_Task prompt_.
Each line of the material below is to be written out exactly. Leave out any picture.

_Supplied information_.
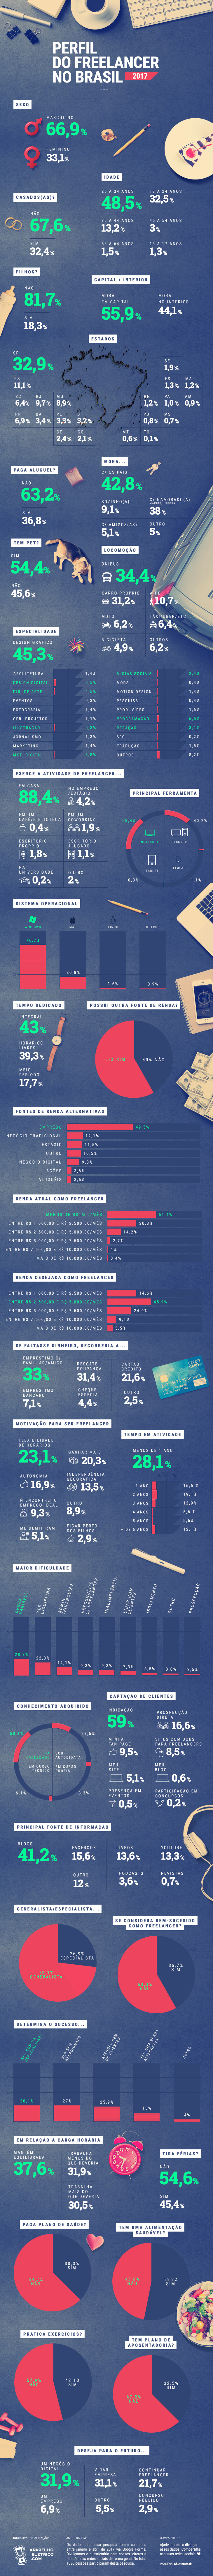 infográfico com resultados da pesquisa sobre o perfil do freelancer no brasil em 2017
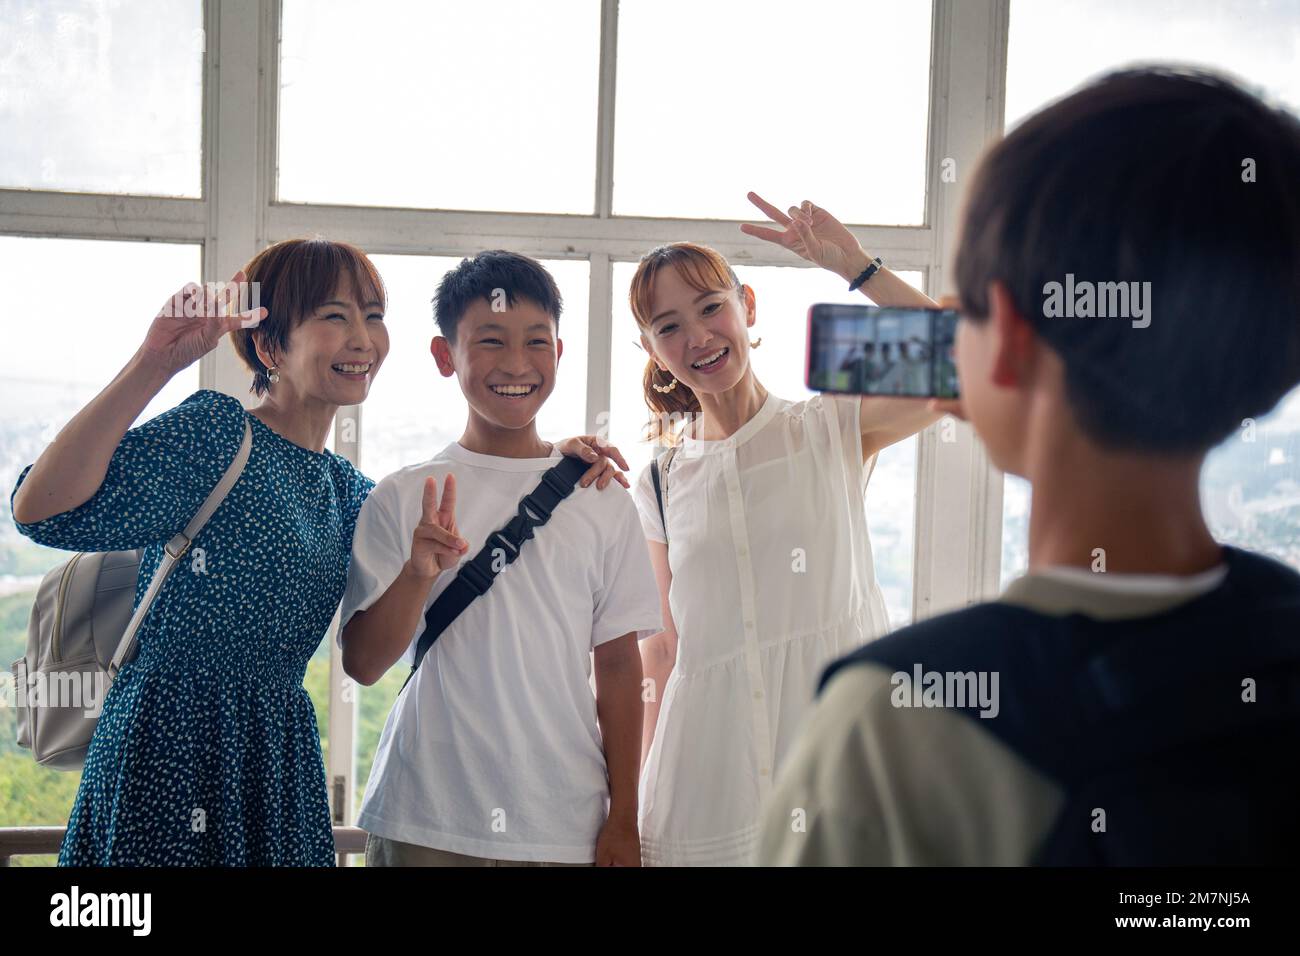 Un garçon utilisant son téléphone portable pour prendre une photo de trois Japonais, un garçon de 13 ans, sa mère et un ami. Banque D'Images
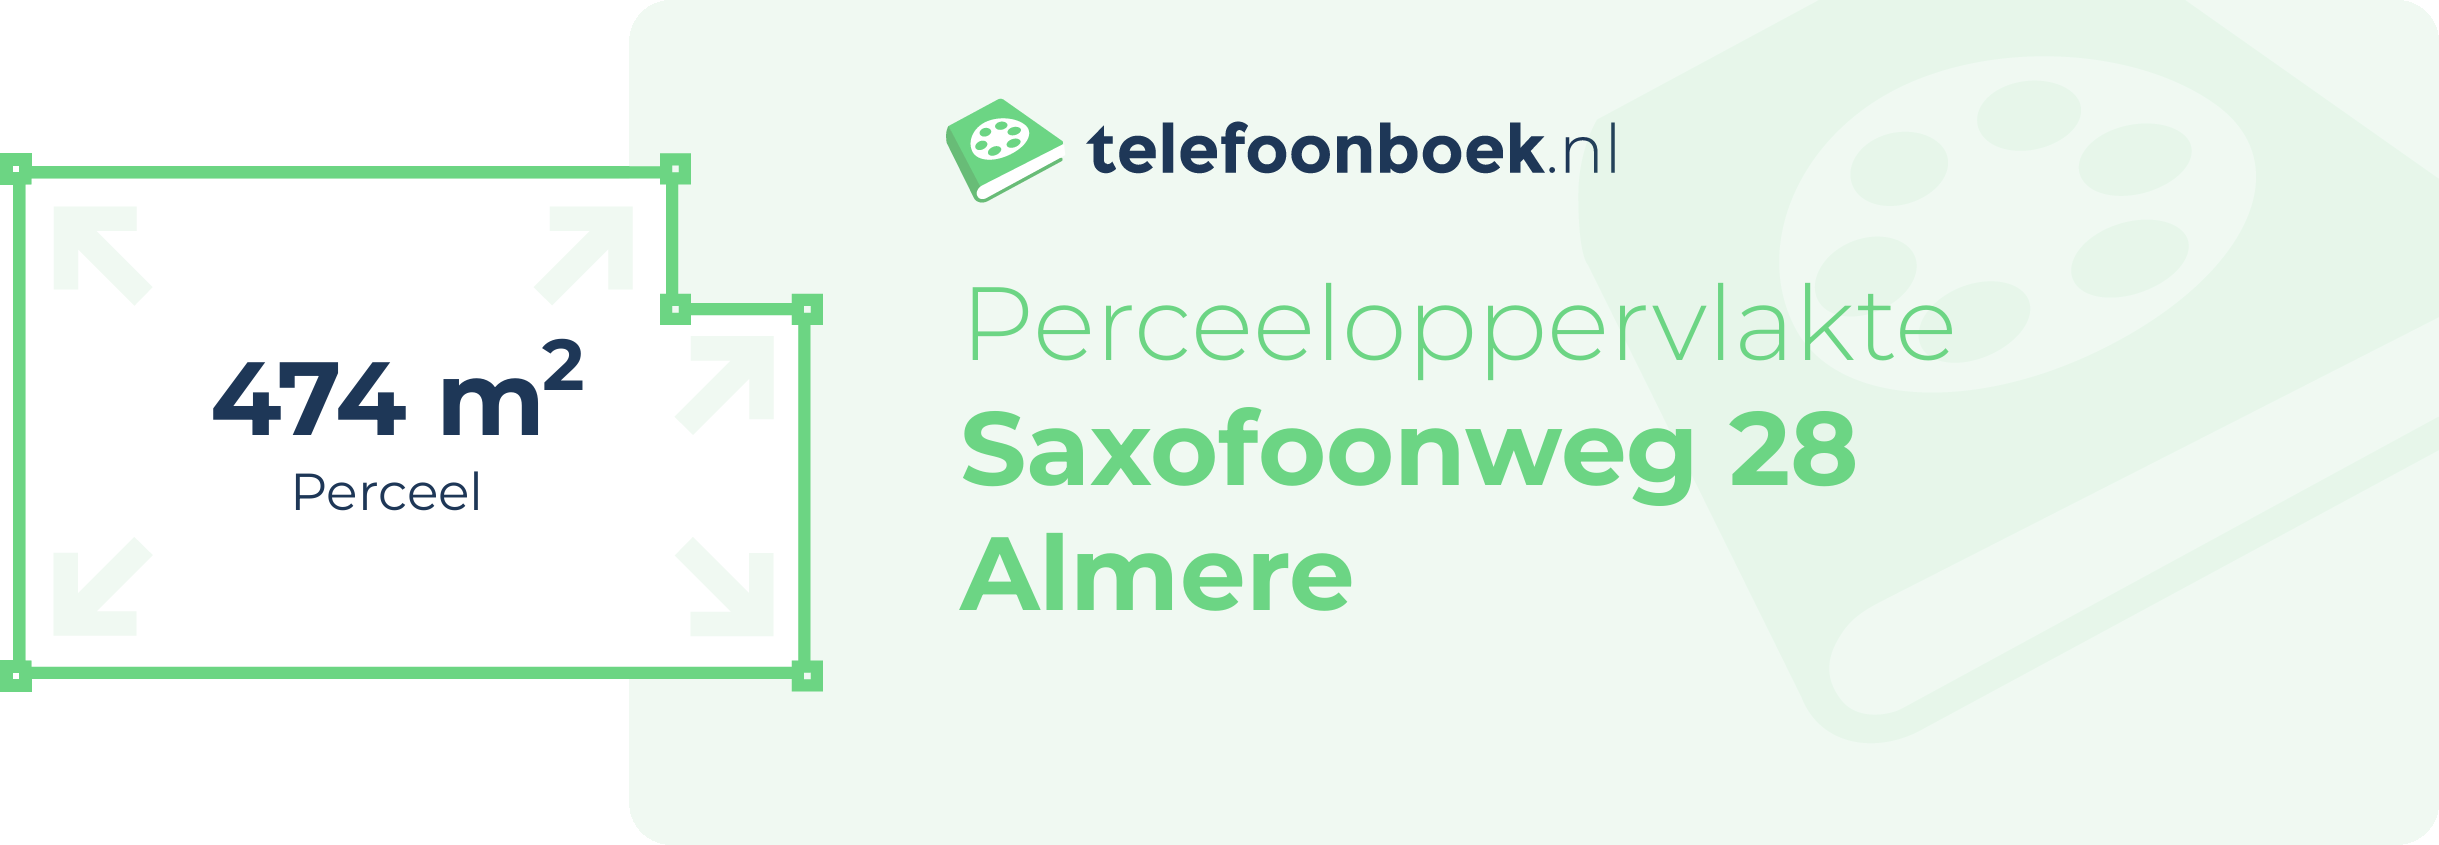 Perceeloppervlakte Saxofoonweg 28 Almere

_Task solution_.
 infográfico com resultados da pesquisa sobre o perfil do freelancer no brasil em 2017
 Un garçon utilisant son téléphone portable pour prendre une photo de trois Japonais, un garçon de 13 ans, sa mère et un ami. Banque D'Images
 Perceeloppervlakte Saxofoonweg 28 Almere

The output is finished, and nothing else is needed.